Key facts that make this case particularly significant:

  • The captain filed through an official voluntary safety reporting program specifically designed to prevent retaliation and was allegedly fired anyway.
  • The first officer was reportedly pressured by his own union attorneys into signing a self-incriminating statement in exchange for job protection that was never actually delivered.
  • The coach who entered the cockpit and sat in the captain's seat faced no reported consequences.
  • United did not terminate its charter contract with the Colorado Rockies following the incident.

The Broader Problem: Charter Flights and Unclear Standards

Stepping back from the individual case, one of the most important threads running through this story is what it reveals about how airlines handle the informal culture that develops around charter operations.

Charter flights for professional sports teams are lucrative and high-profile. Every passenger is treated as a first-class customer. Cockpit doors are frequently left open not because it's formally permitted, but because it's become an unwritten norm that has persisted across multiple airlines for years. Coaches and players visiting the flight deck is common. It's informal, it's friendly, and it creates an environment where enforcing strict boundaries feels awkward and out of place.

The captain on this flight was reportedly on her very first charter assignment as captain. She didn't have a clear internal policy to reference, so she asked the lead flight attendant who had significant charter experience about whether the cockpit door should remain open. That she had to ask at all is the real indictment here. A captain shouldn't have to piece together cockpit door policy from a flight attendant on her first charter assignment. That information should exist, be clearly communicated, and be consistently enforced before any crew member boards a charter flight.

The Scapegoat Allegation and the FAA Audit Context

The timing of the terminations adds a dimension that's difficult to ignore. United Airlines was in the middle of an FAA safety audit at the time of the incident the audit had been triggered by a series of high-profile close calls and safety incidents that had drawn significant public and regulatory scrutiny.

The allegation, in Petitt's words, is that United let both pilots go so as to appearing to be being "serious" about safety at a time when it was under a lot of regulatory pressure. The captain assumes the role of accountability, the captain's first officer is sucked up in the fray and the airline proves to the FAA that it reacts quickly to safety concerns, even if that means the captain who actually called the concern to the attention of the FAA is removed.

The FAA's follow-up audit report found no pattern of safety issues at United. The Denver hearing may clarify that, at least in part, if terminations affected the outcome or if they were merely a coincidence of timing.

Image Credit to shutterstock.com 

The Bottom Line

This case is far from limited to the parties that are named; it is a case study about the question of whether a voluntary safety reporting system in commercial aviation is protective or conditionally protective, being protected when it suits the interests of the organization and being withdrawn when it doesn't.

The whole idea of safety reporting programs is that they are supposed to bring up problems, so if pilots learn from this situation that reporting to the FAA can lead to their termination, then the long-term effect will be a culture of silence on problems that these programs are supposed to highlight.
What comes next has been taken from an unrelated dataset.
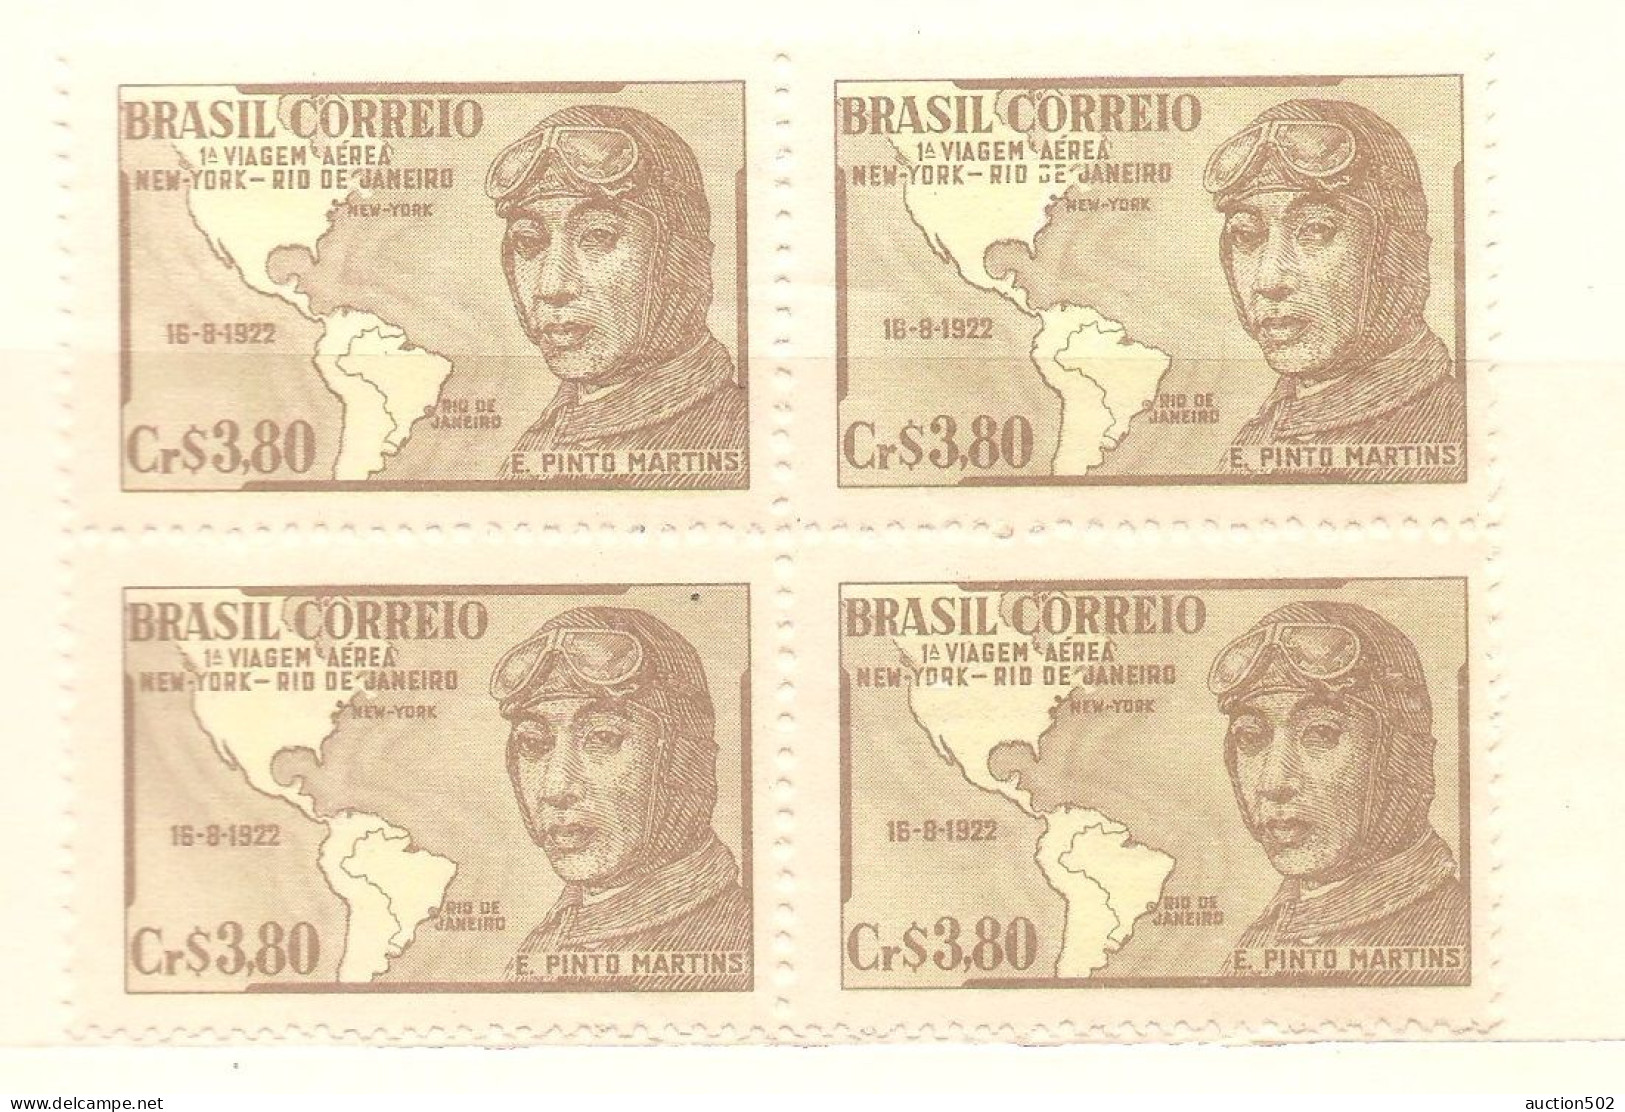 Brazil Stamps year 1952 block of 4 **

This is not a theoretical risk, it's a pattern that has been documented in industries where over time safety culture deteriorates if this is not rewarded by punishment.

The Denver hearing is about questions that are important to the public, but not so much because it has a definitive answer, but because it has to do with accountability, union representation and the integrity of voluntary safety programs that the aviation industry as a whole has a stake in getting right. A captain who says there's an incident that's unsafe should not be the one whose career is ruined.